→ What you are asked to do
From the entries, return every line where the string "Women" shows up.

─── Data in this exercise ───

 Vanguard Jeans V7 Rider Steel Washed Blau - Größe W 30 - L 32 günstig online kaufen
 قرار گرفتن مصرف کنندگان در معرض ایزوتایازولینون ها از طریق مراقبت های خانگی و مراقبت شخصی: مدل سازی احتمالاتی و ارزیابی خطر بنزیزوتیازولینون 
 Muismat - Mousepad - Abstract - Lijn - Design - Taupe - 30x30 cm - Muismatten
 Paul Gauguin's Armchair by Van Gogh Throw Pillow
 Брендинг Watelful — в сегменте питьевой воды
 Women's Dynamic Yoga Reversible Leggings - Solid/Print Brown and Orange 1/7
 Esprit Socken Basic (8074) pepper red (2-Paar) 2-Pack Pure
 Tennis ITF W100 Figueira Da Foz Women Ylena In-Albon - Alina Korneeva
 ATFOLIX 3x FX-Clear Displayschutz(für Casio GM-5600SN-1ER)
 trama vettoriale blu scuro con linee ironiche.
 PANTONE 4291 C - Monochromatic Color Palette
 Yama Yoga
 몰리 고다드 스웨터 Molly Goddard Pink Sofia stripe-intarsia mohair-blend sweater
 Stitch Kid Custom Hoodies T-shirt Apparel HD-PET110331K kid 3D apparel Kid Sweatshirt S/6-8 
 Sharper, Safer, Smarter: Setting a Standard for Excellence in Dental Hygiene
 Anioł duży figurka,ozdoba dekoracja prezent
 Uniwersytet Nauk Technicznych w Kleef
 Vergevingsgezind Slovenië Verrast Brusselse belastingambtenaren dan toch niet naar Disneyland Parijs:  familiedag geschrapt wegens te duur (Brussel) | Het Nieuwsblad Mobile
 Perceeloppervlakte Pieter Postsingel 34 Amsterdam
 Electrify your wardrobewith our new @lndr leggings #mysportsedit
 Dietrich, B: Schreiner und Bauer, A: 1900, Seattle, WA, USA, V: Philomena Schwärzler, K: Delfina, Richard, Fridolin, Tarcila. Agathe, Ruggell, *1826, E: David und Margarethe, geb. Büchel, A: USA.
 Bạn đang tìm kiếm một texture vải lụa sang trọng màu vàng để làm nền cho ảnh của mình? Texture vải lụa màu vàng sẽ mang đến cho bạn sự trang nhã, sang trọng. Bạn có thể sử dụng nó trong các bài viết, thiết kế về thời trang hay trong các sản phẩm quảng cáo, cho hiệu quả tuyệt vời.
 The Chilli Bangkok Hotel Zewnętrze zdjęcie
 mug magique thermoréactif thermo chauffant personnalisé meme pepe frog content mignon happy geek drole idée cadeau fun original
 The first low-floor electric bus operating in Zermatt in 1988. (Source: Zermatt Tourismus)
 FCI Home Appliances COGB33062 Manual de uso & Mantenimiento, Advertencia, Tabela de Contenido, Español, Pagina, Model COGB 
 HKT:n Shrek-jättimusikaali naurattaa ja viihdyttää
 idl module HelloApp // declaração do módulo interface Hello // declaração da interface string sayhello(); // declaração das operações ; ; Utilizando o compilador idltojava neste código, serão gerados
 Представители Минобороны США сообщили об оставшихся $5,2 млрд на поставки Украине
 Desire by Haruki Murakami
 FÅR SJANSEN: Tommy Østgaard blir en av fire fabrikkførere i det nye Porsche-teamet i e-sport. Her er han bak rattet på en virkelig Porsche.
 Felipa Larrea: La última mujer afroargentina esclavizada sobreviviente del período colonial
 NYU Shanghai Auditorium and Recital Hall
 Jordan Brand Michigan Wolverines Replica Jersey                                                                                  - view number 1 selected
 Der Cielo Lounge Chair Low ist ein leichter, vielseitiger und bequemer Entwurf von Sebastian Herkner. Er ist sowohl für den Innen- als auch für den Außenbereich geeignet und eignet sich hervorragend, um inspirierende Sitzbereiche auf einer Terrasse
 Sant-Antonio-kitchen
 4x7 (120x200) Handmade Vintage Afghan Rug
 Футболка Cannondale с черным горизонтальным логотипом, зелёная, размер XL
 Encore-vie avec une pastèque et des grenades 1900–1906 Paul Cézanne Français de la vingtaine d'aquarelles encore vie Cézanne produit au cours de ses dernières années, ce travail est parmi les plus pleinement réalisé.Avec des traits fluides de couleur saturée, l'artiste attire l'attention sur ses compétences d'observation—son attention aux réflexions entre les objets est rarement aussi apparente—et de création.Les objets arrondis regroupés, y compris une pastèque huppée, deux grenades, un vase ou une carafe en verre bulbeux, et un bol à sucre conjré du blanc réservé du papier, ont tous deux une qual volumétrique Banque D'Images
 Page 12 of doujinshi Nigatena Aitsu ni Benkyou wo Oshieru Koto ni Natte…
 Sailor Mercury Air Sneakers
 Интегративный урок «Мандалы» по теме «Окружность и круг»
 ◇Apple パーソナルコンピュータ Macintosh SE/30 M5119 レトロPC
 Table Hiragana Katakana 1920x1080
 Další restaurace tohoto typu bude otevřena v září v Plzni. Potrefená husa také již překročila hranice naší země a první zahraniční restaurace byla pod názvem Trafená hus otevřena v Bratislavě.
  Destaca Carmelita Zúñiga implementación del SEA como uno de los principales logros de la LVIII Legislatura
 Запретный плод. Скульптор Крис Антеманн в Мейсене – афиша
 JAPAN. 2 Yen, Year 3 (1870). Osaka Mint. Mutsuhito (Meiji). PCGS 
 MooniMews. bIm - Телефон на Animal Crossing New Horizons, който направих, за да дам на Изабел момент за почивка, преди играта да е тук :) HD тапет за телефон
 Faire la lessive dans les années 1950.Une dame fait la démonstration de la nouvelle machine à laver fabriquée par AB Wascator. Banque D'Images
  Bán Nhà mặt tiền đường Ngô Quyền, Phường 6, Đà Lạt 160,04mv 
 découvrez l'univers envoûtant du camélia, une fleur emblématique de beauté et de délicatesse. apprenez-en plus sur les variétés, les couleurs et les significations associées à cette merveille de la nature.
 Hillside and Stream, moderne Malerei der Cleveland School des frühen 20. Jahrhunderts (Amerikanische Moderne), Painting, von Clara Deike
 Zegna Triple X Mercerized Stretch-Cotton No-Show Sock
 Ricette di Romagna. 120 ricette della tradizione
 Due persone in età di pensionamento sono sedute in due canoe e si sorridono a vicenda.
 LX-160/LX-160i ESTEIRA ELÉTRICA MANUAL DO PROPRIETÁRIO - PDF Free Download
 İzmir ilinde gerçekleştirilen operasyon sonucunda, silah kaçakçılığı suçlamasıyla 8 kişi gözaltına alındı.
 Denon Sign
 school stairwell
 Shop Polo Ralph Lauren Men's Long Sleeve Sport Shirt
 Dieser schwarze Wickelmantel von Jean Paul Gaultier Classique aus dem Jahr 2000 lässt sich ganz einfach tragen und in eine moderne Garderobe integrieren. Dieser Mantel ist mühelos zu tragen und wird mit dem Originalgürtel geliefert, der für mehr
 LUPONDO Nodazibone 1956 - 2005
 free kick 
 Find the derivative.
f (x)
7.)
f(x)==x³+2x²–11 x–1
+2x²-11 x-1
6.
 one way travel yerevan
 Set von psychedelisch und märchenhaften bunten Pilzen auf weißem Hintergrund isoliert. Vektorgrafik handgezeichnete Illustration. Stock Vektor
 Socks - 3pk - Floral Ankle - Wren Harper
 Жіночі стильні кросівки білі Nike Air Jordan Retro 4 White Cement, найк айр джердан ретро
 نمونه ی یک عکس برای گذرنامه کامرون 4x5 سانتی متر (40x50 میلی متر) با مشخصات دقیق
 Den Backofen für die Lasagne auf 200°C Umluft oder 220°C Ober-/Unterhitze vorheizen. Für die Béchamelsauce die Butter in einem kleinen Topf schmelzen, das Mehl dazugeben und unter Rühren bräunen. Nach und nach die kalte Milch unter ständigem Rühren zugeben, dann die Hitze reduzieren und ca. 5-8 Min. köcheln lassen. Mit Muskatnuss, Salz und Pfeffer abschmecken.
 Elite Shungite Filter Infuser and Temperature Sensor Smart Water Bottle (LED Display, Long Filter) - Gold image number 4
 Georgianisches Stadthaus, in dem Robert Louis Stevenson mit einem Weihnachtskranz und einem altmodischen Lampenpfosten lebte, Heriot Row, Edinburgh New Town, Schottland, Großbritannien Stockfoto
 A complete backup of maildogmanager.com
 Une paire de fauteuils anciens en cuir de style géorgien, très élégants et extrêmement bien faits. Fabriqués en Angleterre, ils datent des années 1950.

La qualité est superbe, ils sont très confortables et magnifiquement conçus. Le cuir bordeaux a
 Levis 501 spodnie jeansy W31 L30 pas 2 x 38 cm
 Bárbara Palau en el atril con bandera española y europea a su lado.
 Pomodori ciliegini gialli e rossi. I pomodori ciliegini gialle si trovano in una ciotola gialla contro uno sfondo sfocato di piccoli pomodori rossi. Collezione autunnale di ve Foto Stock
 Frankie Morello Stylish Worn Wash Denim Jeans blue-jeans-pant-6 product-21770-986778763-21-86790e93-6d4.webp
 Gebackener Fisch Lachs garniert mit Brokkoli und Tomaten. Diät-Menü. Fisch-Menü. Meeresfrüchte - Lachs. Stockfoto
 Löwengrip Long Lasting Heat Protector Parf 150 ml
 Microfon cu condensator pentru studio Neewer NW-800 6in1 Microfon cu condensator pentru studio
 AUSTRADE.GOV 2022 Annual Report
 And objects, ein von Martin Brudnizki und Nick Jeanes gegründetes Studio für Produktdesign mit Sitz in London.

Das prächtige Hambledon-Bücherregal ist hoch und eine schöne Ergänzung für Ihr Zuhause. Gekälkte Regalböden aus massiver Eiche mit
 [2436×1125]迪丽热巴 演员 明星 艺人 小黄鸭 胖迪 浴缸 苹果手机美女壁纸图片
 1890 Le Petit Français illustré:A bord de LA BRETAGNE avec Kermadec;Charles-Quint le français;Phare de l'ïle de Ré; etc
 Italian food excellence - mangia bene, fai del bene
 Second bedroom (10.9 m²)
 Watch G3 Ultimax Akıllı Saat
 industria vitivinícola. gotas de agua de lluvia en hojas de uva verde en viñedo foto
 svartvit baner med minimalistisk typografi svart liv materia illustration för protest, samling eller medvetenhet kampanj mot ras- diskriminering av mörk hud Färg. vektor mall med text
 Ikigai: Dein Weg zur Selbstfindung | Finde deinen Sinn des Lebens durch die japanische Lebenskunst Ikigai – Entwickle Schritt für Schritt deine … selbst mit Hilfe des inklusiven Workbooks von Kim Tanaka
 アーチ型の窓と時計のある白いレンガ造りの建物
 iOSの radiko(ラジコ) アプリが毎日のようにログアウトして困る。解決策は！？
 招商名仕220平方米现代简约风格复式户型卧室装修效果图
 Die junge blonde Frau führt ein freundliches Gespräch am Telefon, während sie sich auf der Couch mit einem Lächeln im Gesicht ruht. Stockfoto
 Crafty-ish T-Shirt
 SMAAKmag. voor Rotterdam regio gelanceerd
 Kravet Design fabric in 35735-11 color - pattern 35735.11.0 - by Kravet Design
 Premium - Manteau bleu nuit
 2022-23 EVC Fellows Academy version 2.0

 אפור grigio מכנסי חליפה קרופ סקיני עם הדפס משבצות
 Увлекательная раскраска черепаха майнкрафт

───

→ Answer to this task
 Women's Dynamic Yoga Reversible Leggings - Solid/Print Brown and Orange 1/7
 Tennis ITF W100 Figueira Da Foz Women Ylena In-Albon - Alina Korneeva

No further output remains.